We will be refinancing that debt. That is a process which is already underway, that will be refinanced. Like I told you earlier, you know, the stress comes because if it is not an operating entity in three years' time, GAL will be a very vibrant operating entity which has significant businesses in duty-free, in F&B, in cargo across India and across Asia. We need to keep that into mind. It will be very easily available to manage that debt. You also must take into cognizance that GAL also gets certain operating fee and management fee from the assets that it manages. Going forward, that will continue to play out.
There will be a significant amount of predictable assured management fees coming from the airport assets to GAL for it to manage its own balance sheet. Again, multiple streams of income, cash income and also a recycle of capital and partnership will play out as GAL looks for further growth opportunities in India and Southeast Asia.
Crystal clear and all the very best for three years from now. I hope that once things become a lot better and the reverse merger happens, it'll be a fantastic entity to see in terms of cash flows. Thank you.
Absolutely. That is the journey approval that we are looking at is just a bridge to substantial value creation in fiscal year 2024, 2025 when you know all contracts get settled.
Mr. Mongia, does that answer your question?
Yes. Thank you. My questions are done. Thank you.
The next question is from the line of Aoorva Bahadur from Investec. Please go ahead.

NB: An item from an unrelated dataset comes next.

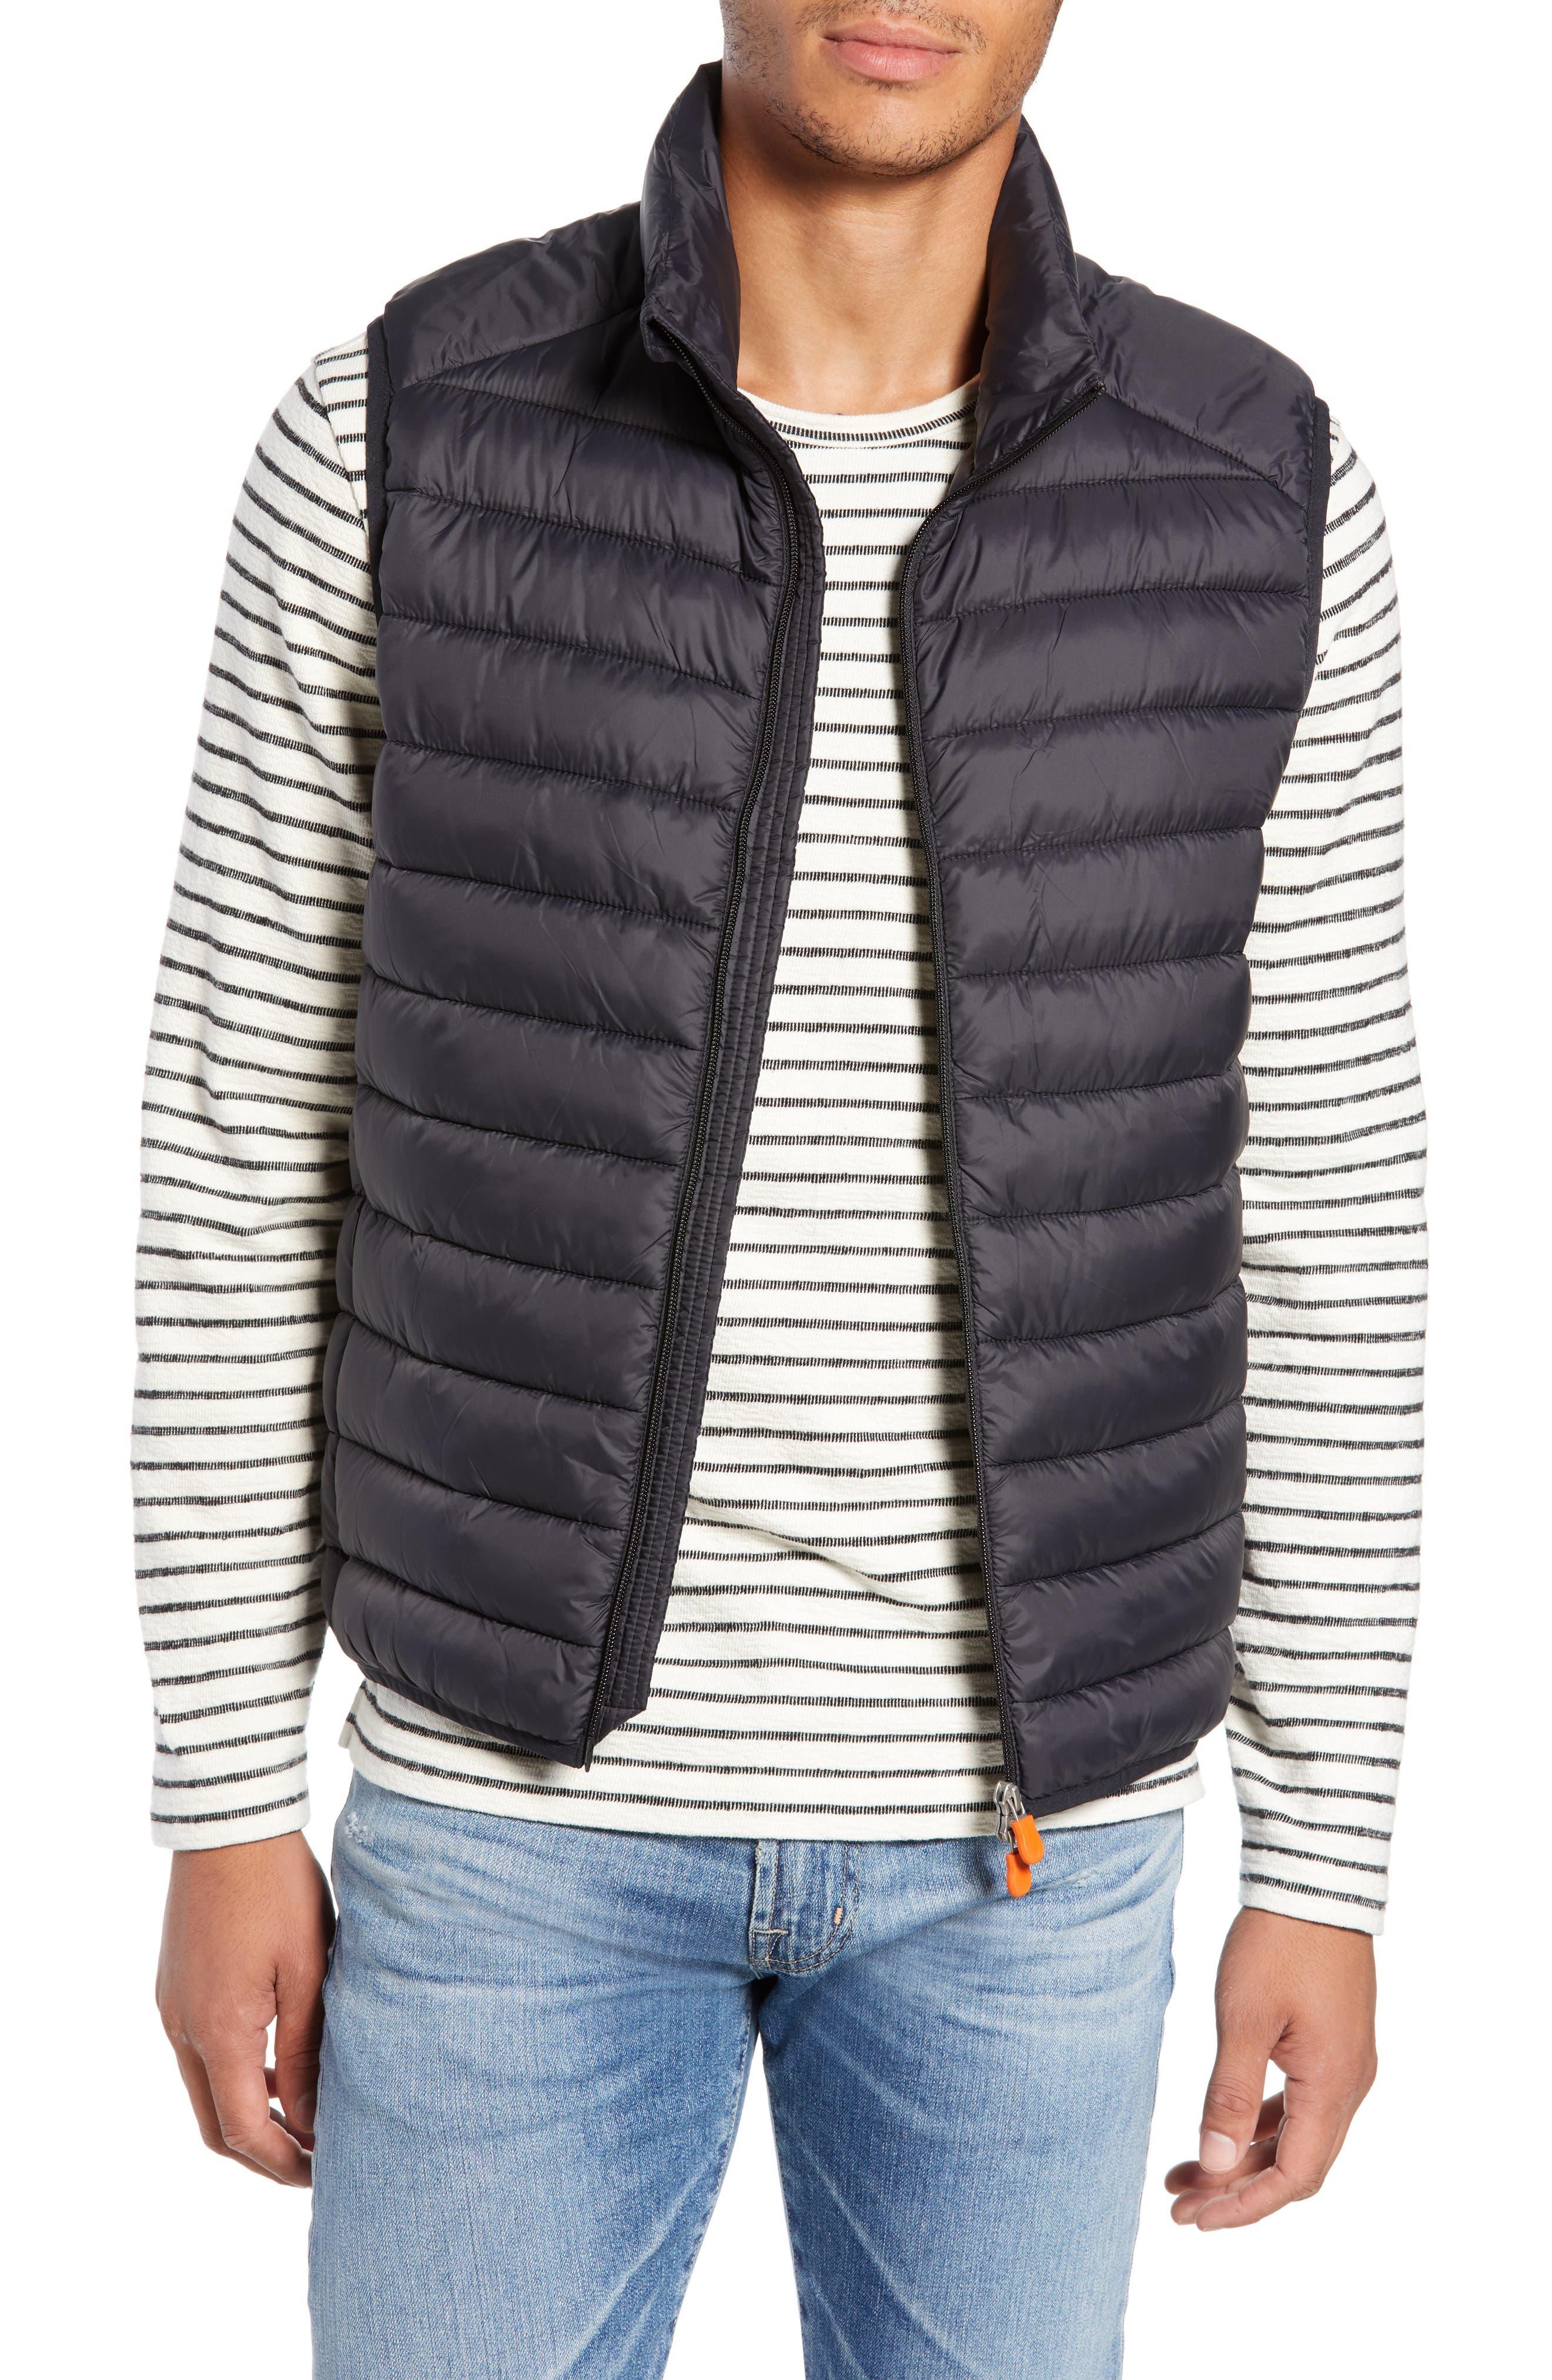 Save The Duck Lightweight Packable Vest, Black

Yep. Thanks again, sir, for the opportunity. Quickly, I think you highlighted that the conversion ratio for FCCB will be around 10%, I mean that the dilution at GMR Infra level. Can you explain the math over here? How does it change from 20%-10%?
Can you just have this question taken offline and I would rather discuss it. It's just a math. Maybe Amit can email you the math on this.
Sure. Thank you.
There are different price points for the airport and different price points for GPUIL. He will send you the math as to why the promoter dilution is around 10 odd %.
Okay. Thank you.
All right. Thanks.
Thank you. As there are no further questions from the participants, I would now like to hand the conference over to Mr. Saurabh Chawla for closing comments.
Yeah, thank you. Thank you everybody for participating in our Q3 call. Really appreciate your time. The IR team is available offline to answer your specific questions, especially those which we said that we will give you the further details. Please reach out to both Amit and Bishu and they will answer all questions. Look forward to your inputs going forward. We are sensitive to the inputs by the capital market players, and I can assure you that our strategy will get tweaked because we believe in value creation. As on date, any value created 63% do go to the promoters. We are working towards that. We are working towards asset light, capital light business model. The big CapExes are getting over.
New opportunities will come, but those will be mostly in partnership, so they should start yielding good equity value for the shareholders. Last but not the least, the cherry on the pudding is the adjacent businesses that I've talked about. Look at it seriously. Look at what the duty-free throws at Delhi Airport and Hyderabad Airport, and when you start to extrapolate that into an independent business unit at GAL with the world as a platform, you will get a very different outlook. Look forward interacting with you offline and take care and be safe. Thank you so much.
Thank you. Ladies and gentlemen, on behalf of GMR Infrastructure Limited, that concludes this conference call. Thank you for joining us. You may now disconnect your lines.